I was talking with a good friend this morning. He was feeling fatigued talking with hateful people. Alas, I don’t think I was appropriately empathetic for I have experienced the same fatigue and frustration. Instead I challenged Him to take a different perspective. While I was too quick to offer a “solution”, I know there is a deep truth which transforms our day to day experience.
We were made in the image of God. Then we walked away from Him, breaking His heart, our character, and the world we live in. The thing is, in the brokenness is much of the original beauty.

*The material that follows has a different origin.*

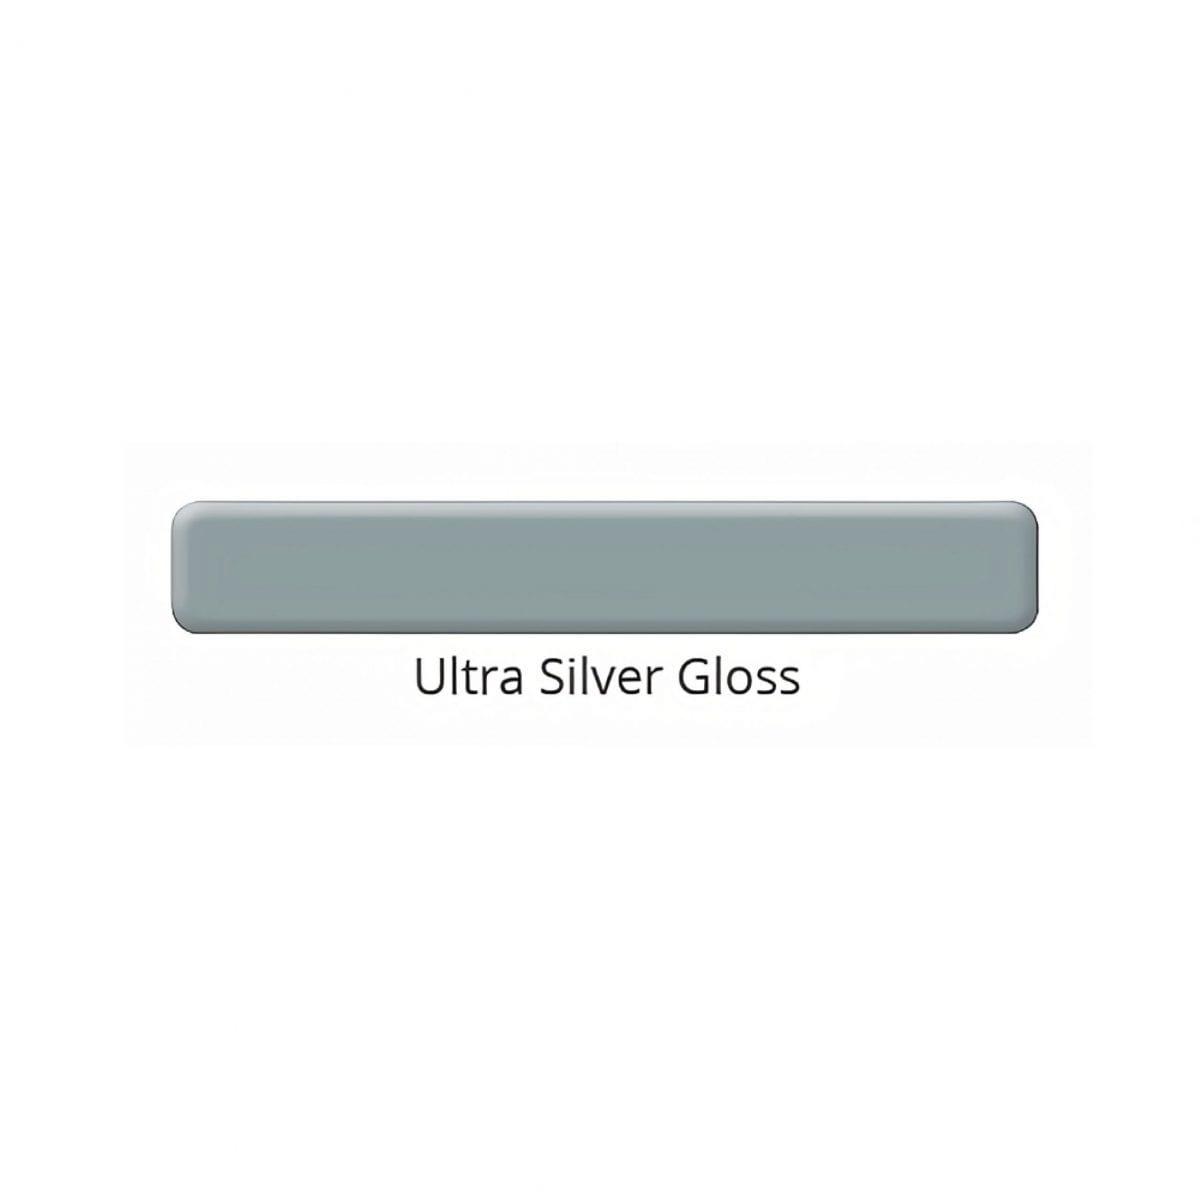 Ultra silver gloss color

Just as when a cracked mirror lets you see a reflection, so flawed people still reflect the glory of God. My dear friend Lynne Fox is fond of pointing out that there is nothing uniquely evil, rather evil corrupts something that at its heart is good.
Seeing those bits of God’s image, the spark of the divine, pick your favorite phrase, in the people we interact with changes everything!! I think this is one of the secrets of effectively living into the Kingdom of God, to experience the “Camino Spirit”.
Jesus saw the flawed reflection of God in people. You can see it in his compassionate responses to people and when he called them to something better.
I believe that many of the great spiritual leaders were able to see people in this way. Mother Teresa, inspired but Matthew 25:40 wrote
We try to pray through our work by doing it with Jesus, for Jesus, to Jesus. That’s why we are able to see Him in the broken body, in the abandoned child, in the hungry man. Each one of them is Jesus in disguise.
C.S. Lewis wrote about seeing truly in his essay The Weight of Glory. Thomas Merton is reported to have had this perspective. The book Abandon to God, recounts how people felt Oswald Sanders was totally present and focused on them. I wonder if the reason he could be so focused was he was seeing God in that other person and that God was right there, in that moment.
I have found that when I go looking for God’s image in people, I am able to find it, and my time with the other person is significantly better. If I am not intentionally looking for the good it’s all too easy to notice the things which irritate me, to see flaws, and to find ways to be disappointed.
I am sure I am just scratching the surface with this post. I am going to come back sometime later and try to flesh this out more… but even if it’s incomplete, this too important to delay a post.